← Back to Model Library

Autoformer Model

Decomposition Transformers with Auto-Correlation for Long-Term Series Forecasting

Overview

Autoformer is a Transformer-based model designed for long-term time series forecasting. It addresses the limitations of prior Transformer models, which struggled with intricate temporal patterns and efficiency for long sequences. Autoformer introduces a novel decomposition architecture and an Auto-Correlation mechanism, allowing it to progressively decompose trend and seasonal components during the forecasting process. This approach significantly enhances its ability to capture complex temporal patterns and achieves state-of-the-art accuracy, particularly in long-horizon forecasting.

Architecture & Components

Autoformer's architecture builds upon the Transformer framework with two primary innovations:

  • Deep Decomposition Architecture: Autoformer renovates the Transformer into a deep decomposition architecture. Unlike models that perform decomposition as a separate preprocessing step, Autoformer adaptively separates the raw time series signal into its trend and seasonal components *within* the model during both training and inference. The trend component ($x_{trend}$) is typically extracted by applying a moving average (MA) filter with a specified kernel size ($k$). This inductive bias improves forecasting by allowing the model to learn each component more effectively.
  • Series-wise Auto-Correlation Mechanism: Inspired by stochastic process theory, Autoformer replaces the conventional self-attention mechanism with an Auto-Correlation mechanism. This mechanism discovers period-based dependencies by comparing similar sub-sequences (e.g., aligning Mondays with other Mondays) rather than every time step with each other. This not only reduces computational complexity from quadratic to log-linear ($O(L \log L)$) but also aligns better with the periodic nature of many real-world time series. This series-wise connection inherently keeps sequential information, meaning Autoformer does not need explicit position embeddings like other Transformers.
  • Encoder-Decoder Structure: Autoformer retains the standard Transformer encoder-decoder structure. The encoder processes the input sequence, and the decoder generates the forecast, leveraging the decomposed components and the Auto-Correlation mechanism.

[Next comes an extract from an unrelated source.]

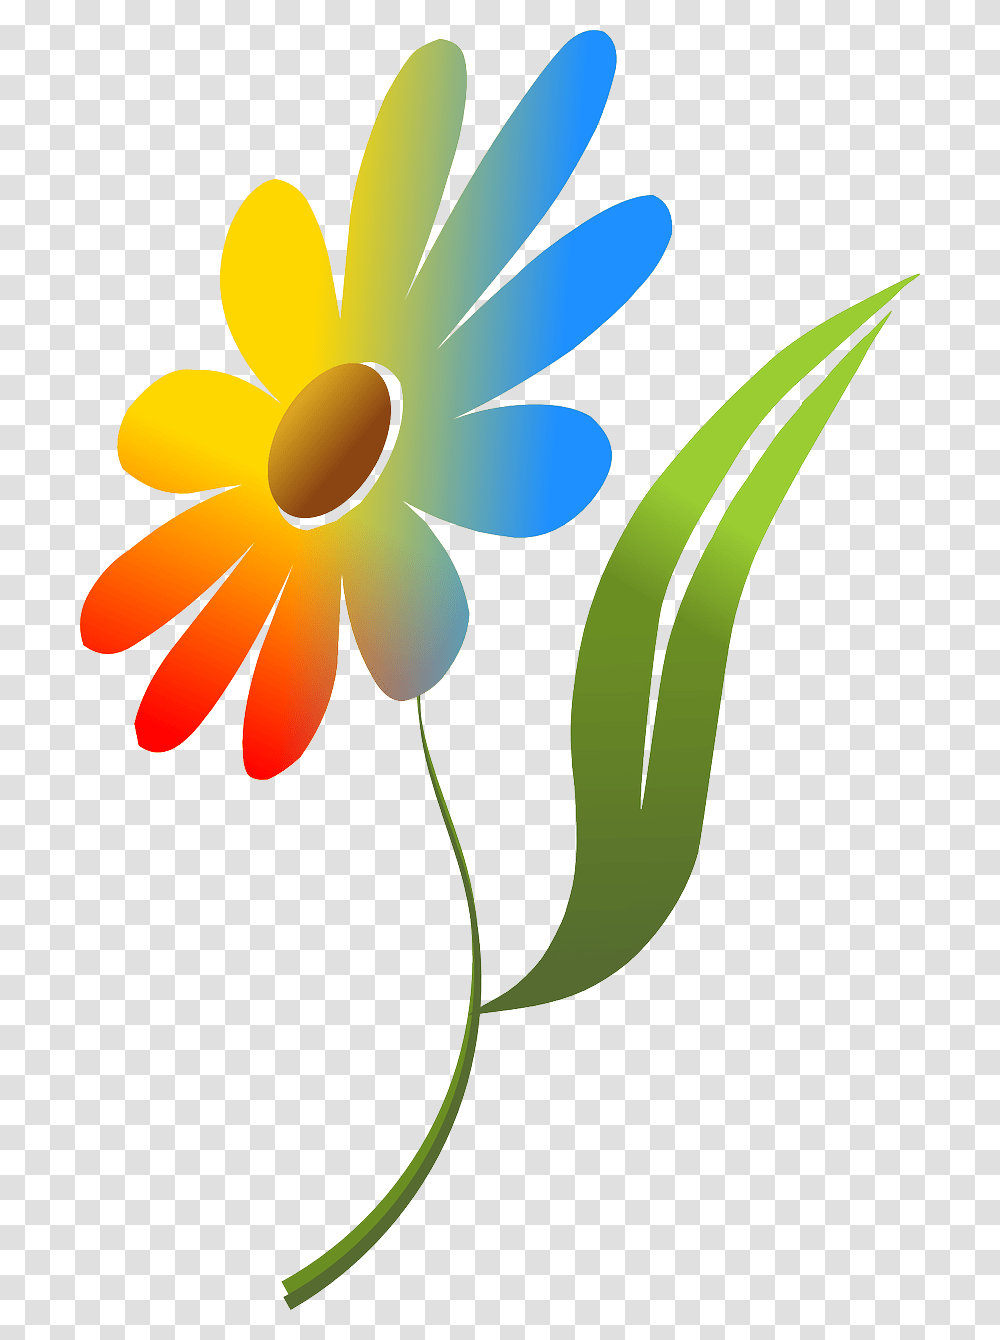 Never Thought I Could Hate, Floral Design, Pattern Transparent Png

Autoformer is a deterministic model, providing a single point forecast rather than a distribution of possible future values.

Autoformer Architecture Diagram

Conceptual diagram of Autoformer's architecture with decomposition and Auto-Correlation.

When to Use Autoformer

Autoformer is an excellent choice for:

  • Long-horizon time series forecasting problems where trends and seasonality unfold over extended periods.
  • Structured and periodic data, where its Auto-Correlation mechanism can effectively identify recurring patterns.
  • Scenarios requiring robust performance in both clean and noisy environments, as its decomposition mechanism helps filter high-frequency noise.
  • When interpretability of trend and seasonal components is desired, as it explicitly models them.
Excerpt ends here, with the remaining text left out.